If you are reading this, you wonder how these ruins came to be, in a place of such abundance. You want to know why. Read our story, then turn back. Heed these words, or your curiosity will be your undoing.
“Well, upload your scans to the ship and we can beam them back home to see if anyone else can decipher it. Then come outside, we found something amazing.”
“What?”
“Just come outside, you’ve got to see this.”
We were like you. Our explorers once stood on another world, among the long-abandoned ruins of an alien civilization. They saw a message like this, but did not pause long enough to understand it. They became distracted by something they found more interesting. Heed these words, and do not make the same mistake.
“You pulled me away from the first alien languages ever discovered to show me … a fungus?”
“The closest analogue would be a lichen, or maybe a moss, but its genome isn’t like anything we know.”

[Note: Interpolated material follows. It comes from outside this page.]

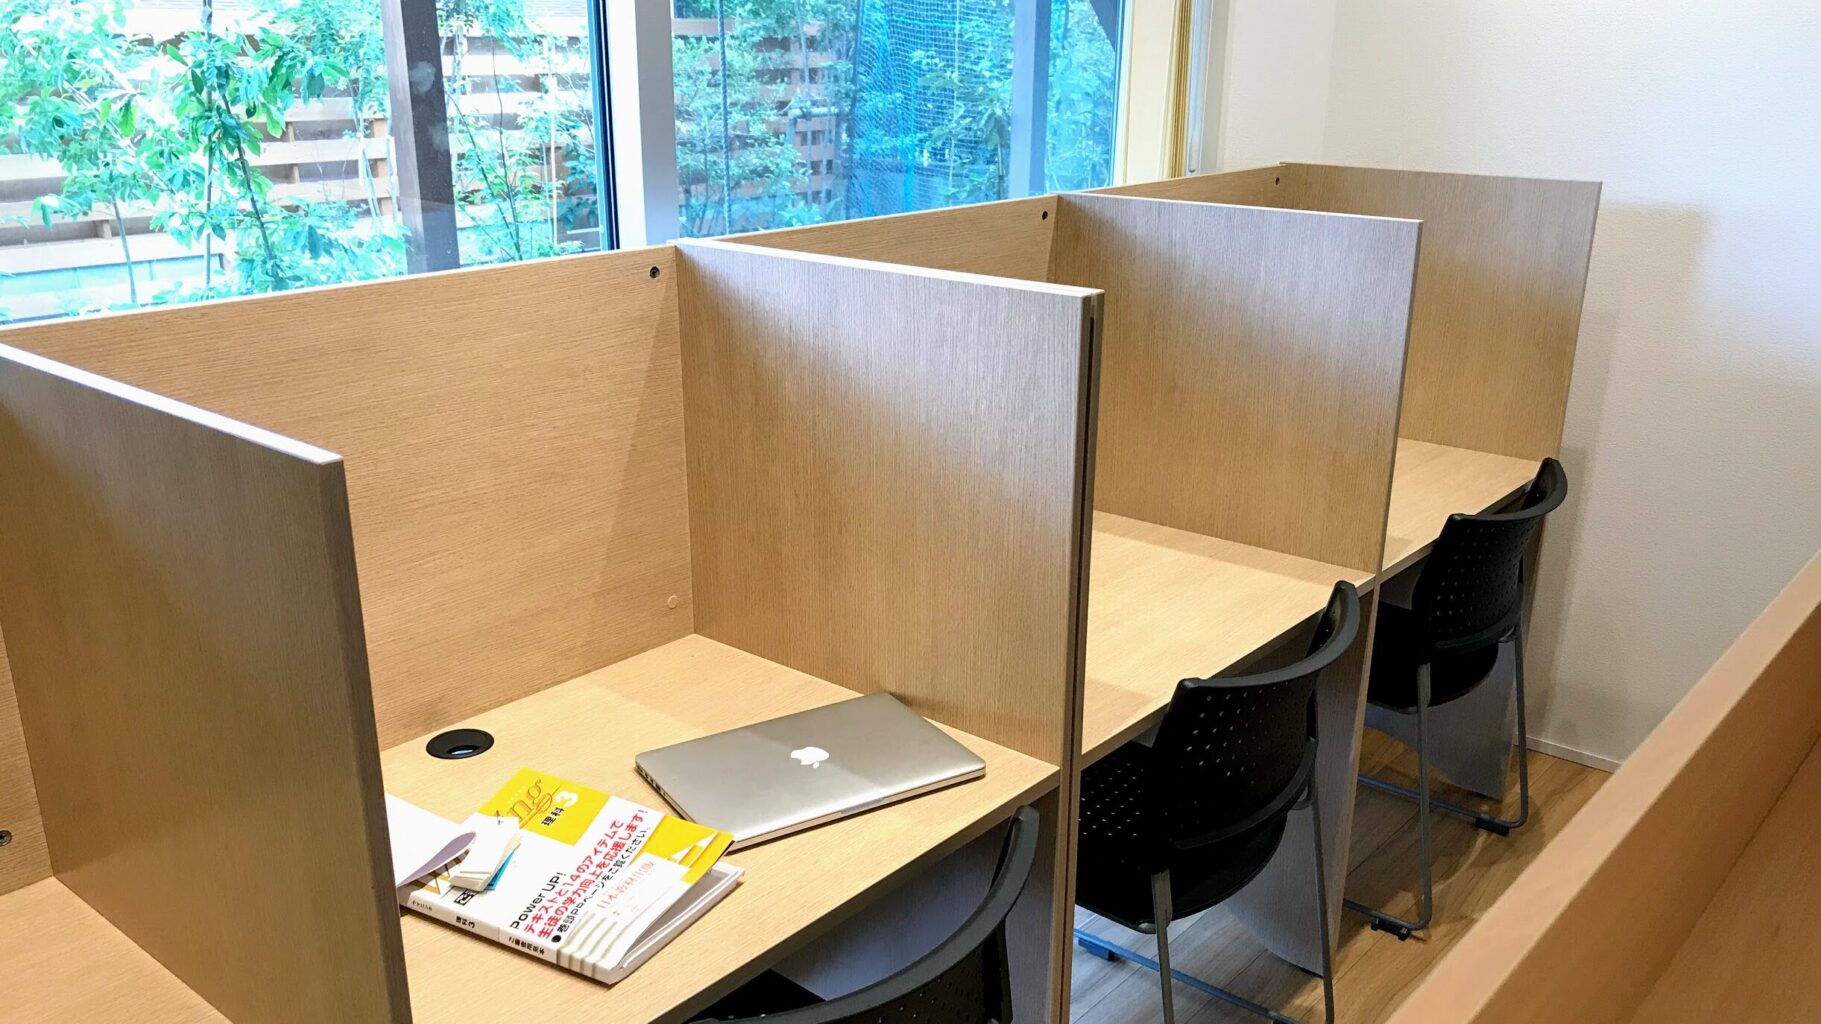 館山市の学習塾ランゲージ・ラボラトリーの自習室の机

“Fine, so it’s a lichen. What’s the big deal?”
“Look at this metabolic profile.”
“Mmm hmm. What am I looking at, exactly?”
“It’s photosynthetic, so it’s pumping out lots of oxygen, but it’s also carrying out the Sabatier reaction at ambient temperatures, fixing its own nitrogen, accumulating elemental sulfur and phosphorus from the rocks, and growing like a weed everywhere. Oh, and it seems to have its own radiation shield.”
“That’s one tough lichen.”
“It’s a one-species terraforming machine is what it is. Drop some of this on an uninhabitable space rock, and in a few decades it’ll be a paradise.”
On that distant world, we found a life form. It offered us a power we needed. We brought it from the other world, and it thrived here, just as it must have done for those who had found it before us. It grows now outside this building. We do not know how many other worlds it has reached. Heed these words, and do not let it reach yours.